My hypothesis - and based upon experience it's pretty strong - is that the CBB is lower than the agent would like. The CBB is the "cooperating brokers" payment - that share of the selling agent's commission that will be paid to another agent who brings in the buyer.

Now, to repeat what I've said before, the standard listing agreement gives the entire commission to the listing agent if they bring in the buyer themselves, or if the buyer has no agent. But if they want buyer's agents to bring their buyers to this property, or if they want it to sell quickly, they'll make certain the buyer's agents have a good reason to bring the buyers by - in the form of a reasonable CBB. Three percent seems to be average around here now, up from 2.5 about a year ago, and properties that want to sell go higher. Even the discount brokers that will settle for 1% to list (or a flat fee) will tell you to offer at least three to a prospective buyer's agent. It's not mandatory, but it does work to sell the property.

The default buyer's agent contracts (exclusive and non-exclusive) in my area specify a 2% commission from the buyer to the agent but state that any commission paid by the seller is to be used to offset this first. What this means is that as long as the agent finds you a property paying at least 2 percent to buyer's agents (CBB) the buyer pays zero. See What Do Buyer's Agents Do? for more information. (If they don't find you a property that you buy, no commission or other obligation is incurred)

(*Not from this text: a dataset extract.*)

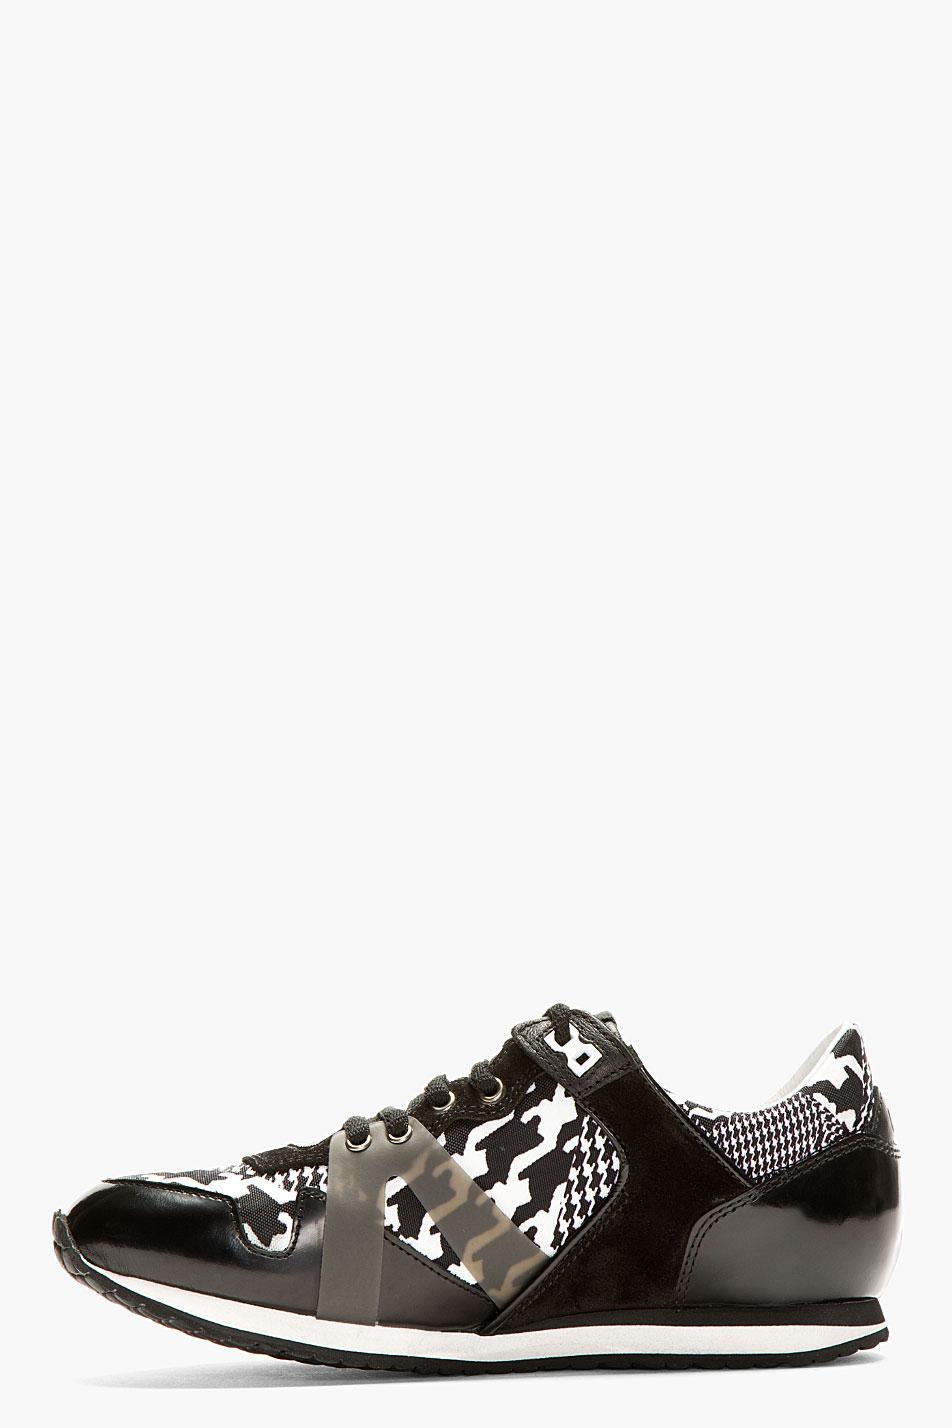 Mcq By Alexander Mcqueen Black Patent Leather and Textile Sneakers in ...

Now my attitude is that as long as my buyer isn't going to have to come up with cash out of pocket for my commission, I want to move from "looking" to "negotiation". Because my contract with the buyer is non-exclusive, they are free to look elsewhere, and with other agents, cutting me out of the process entirely if I don't perform. Therefore, my motivation is to find them the property they want, and get the transaction moving. This isn't particularly virtuous on my part; That's where the incentives are. I haven't seen a CBB lower than 2 percent ever, that I can recall, except for a few greedy, almost always drastically overpriced FSBOs.

Suppose, however, Joe Realtor has your signature on an exclusive buyer's agreement. Now he's got your business locked up for six months or a year, no matter what. You can't buy anything without Joe getting paid. This creates a different incentive. Now Joe can pick and choose what properties he wants you to see, what properties he wants you to make an offer on. If you don't like his work, you are still stuck with him until the agreement runs out. If you go elsewhere and buy a property, Joe still gets paid, without really doing anything. If Joe gets two and The Other Guy gets two, and the CBB is three, that's one percent you've got to pay out of your pocket at a minimum. Maybe two percent, because The Other Guy is going to take the viewpoint that he did the work for that property, and is entitled to the full commission. When lawyers get involved, you never know how it'll end up. My only advice to to heed Sancho Panza's words of wisdom, "Whether the pitcher hits the stone or the stone hits the pitcher, it's going to be bad for the pitcher." The legal system makes a pretty good substitute for the stone.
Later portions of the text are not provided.